Task instructions
In the records below, begin at the line containing "Binshin Healthtips" and end at the line containing "Drei unterschiedlich große"; quote every line in that span exactly, including both boundary lines, and no others.

Data supplied
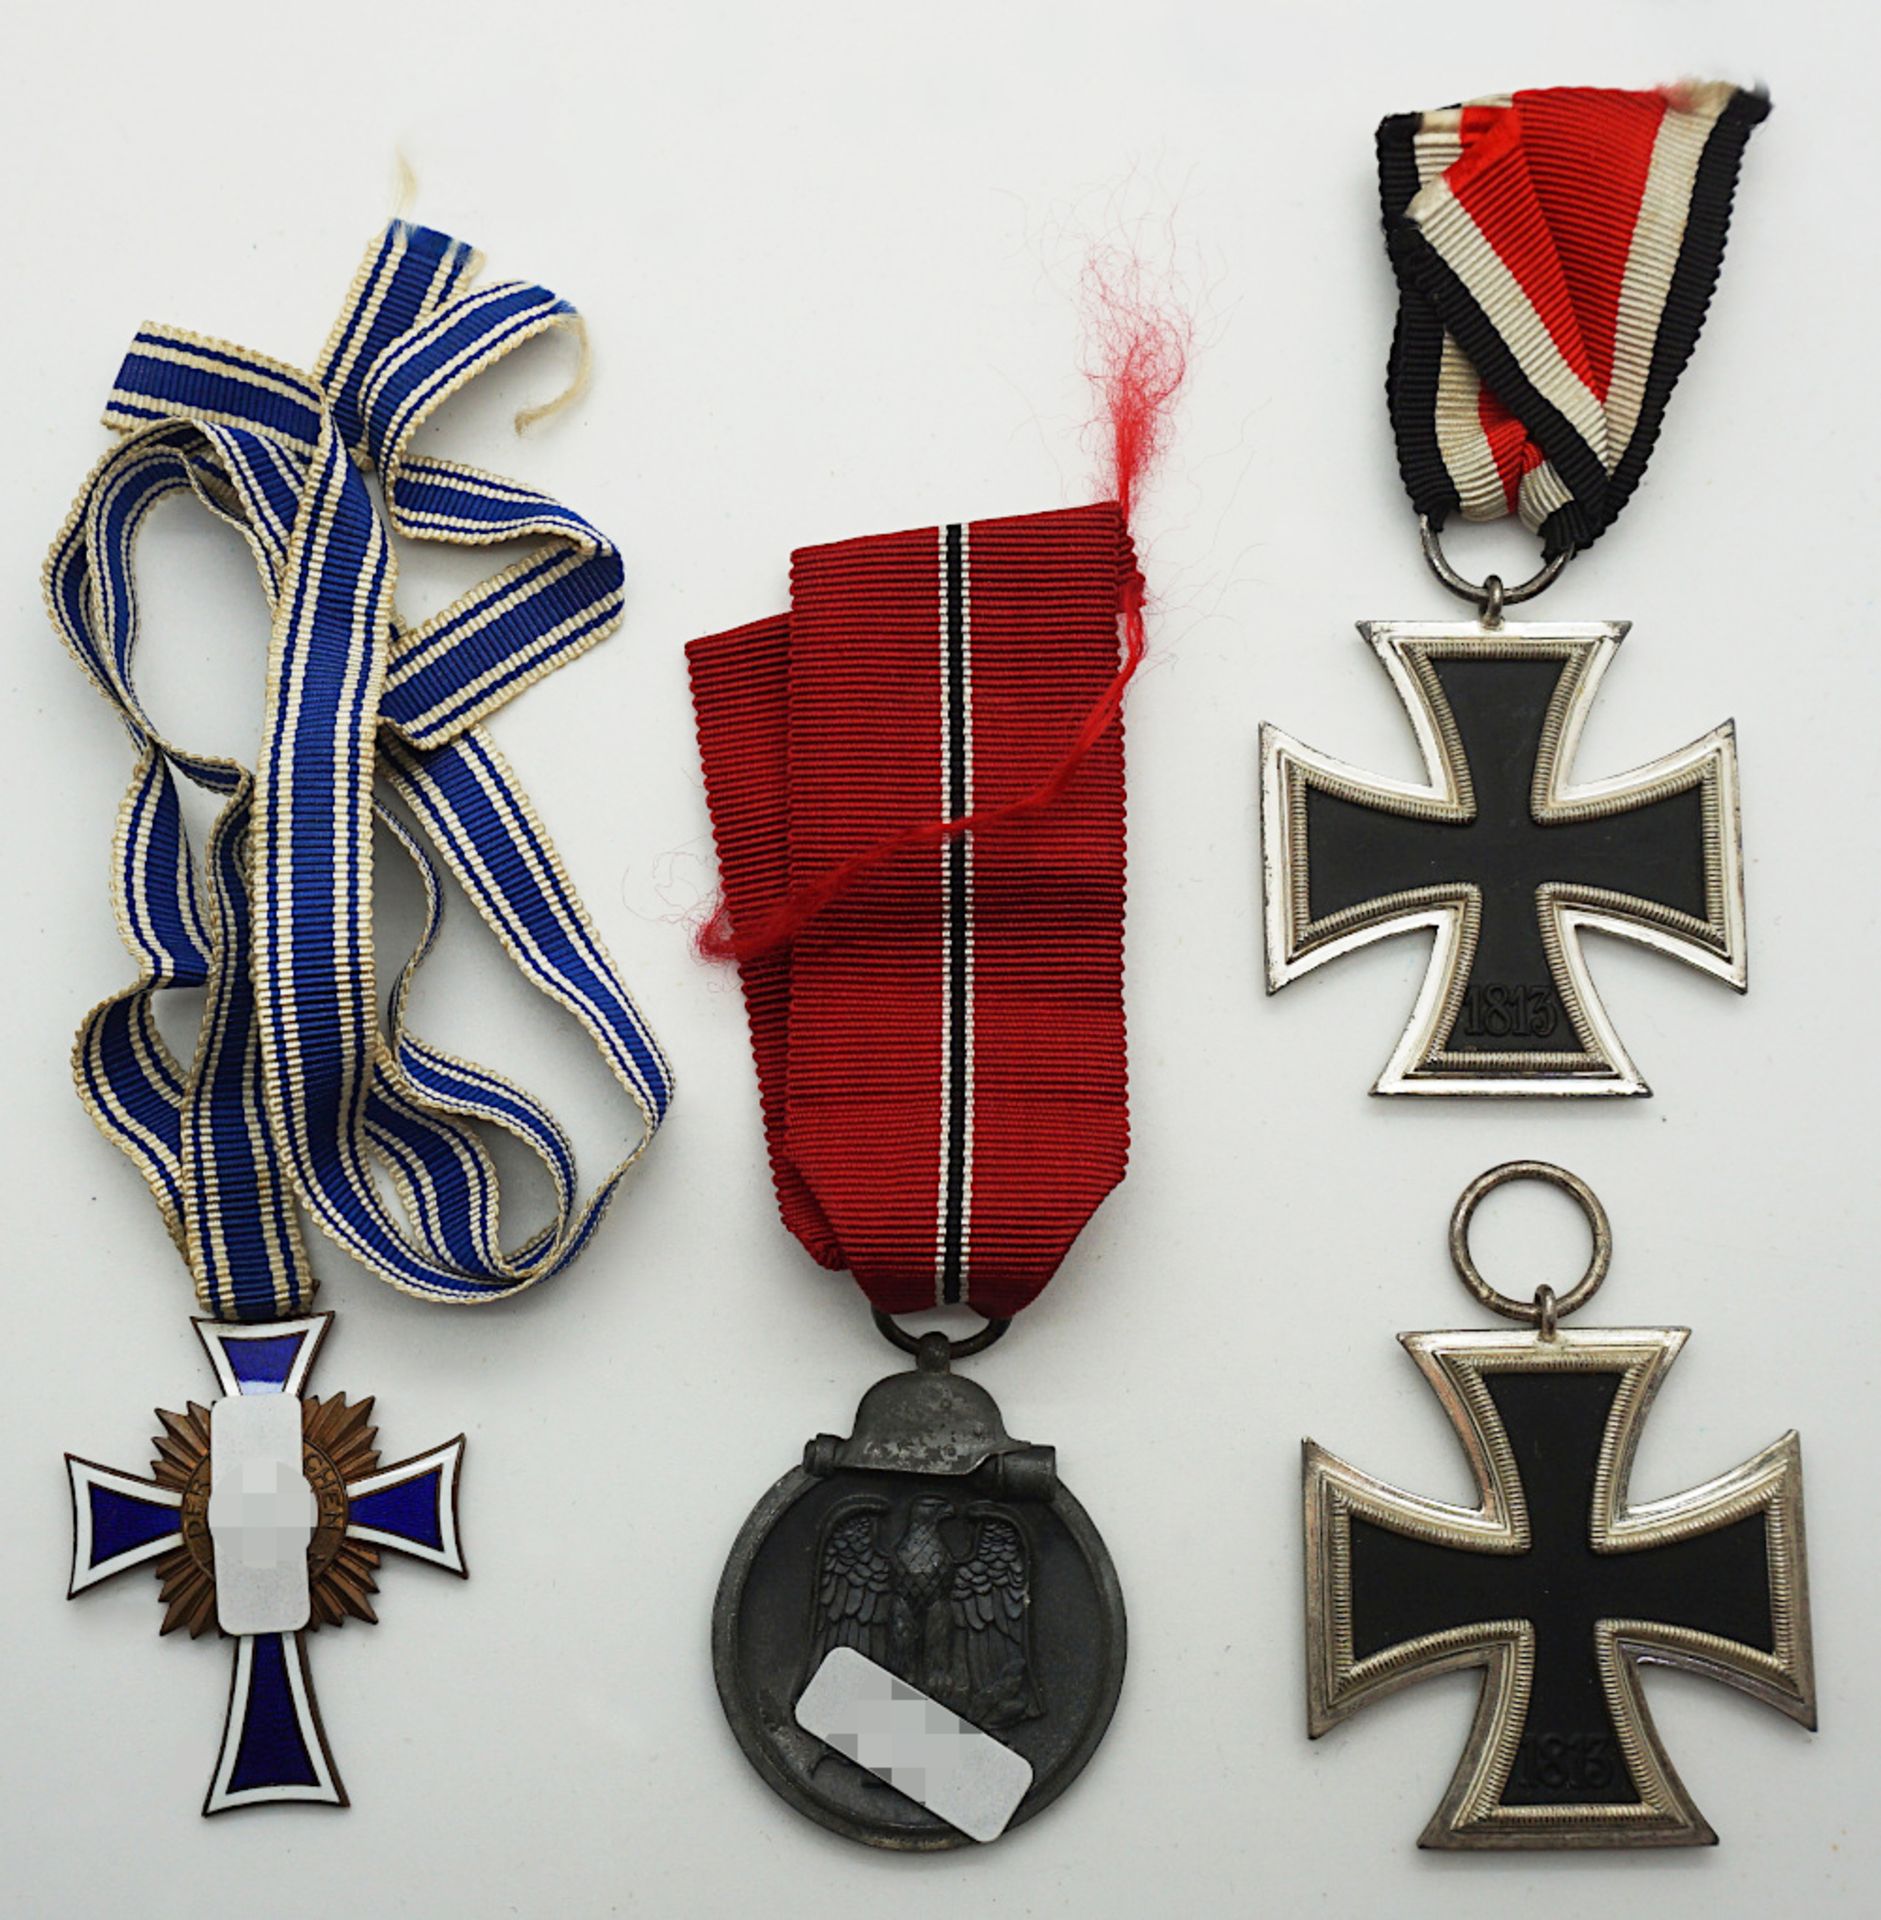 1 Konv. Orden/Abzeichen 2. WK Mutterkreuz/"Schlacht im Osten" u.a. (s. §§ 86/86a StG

---

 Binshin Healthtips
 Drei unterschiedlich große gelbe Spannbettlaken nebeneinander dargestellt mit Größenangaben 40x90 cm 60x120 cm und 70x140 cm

Output below
 Binshin Healthtips
 Drei unterschiedlich große gelbe Spannbettlaken nebeneinander dargestellt mit Größenangaben 40x90 cm 60x120 cm und 70x140 cm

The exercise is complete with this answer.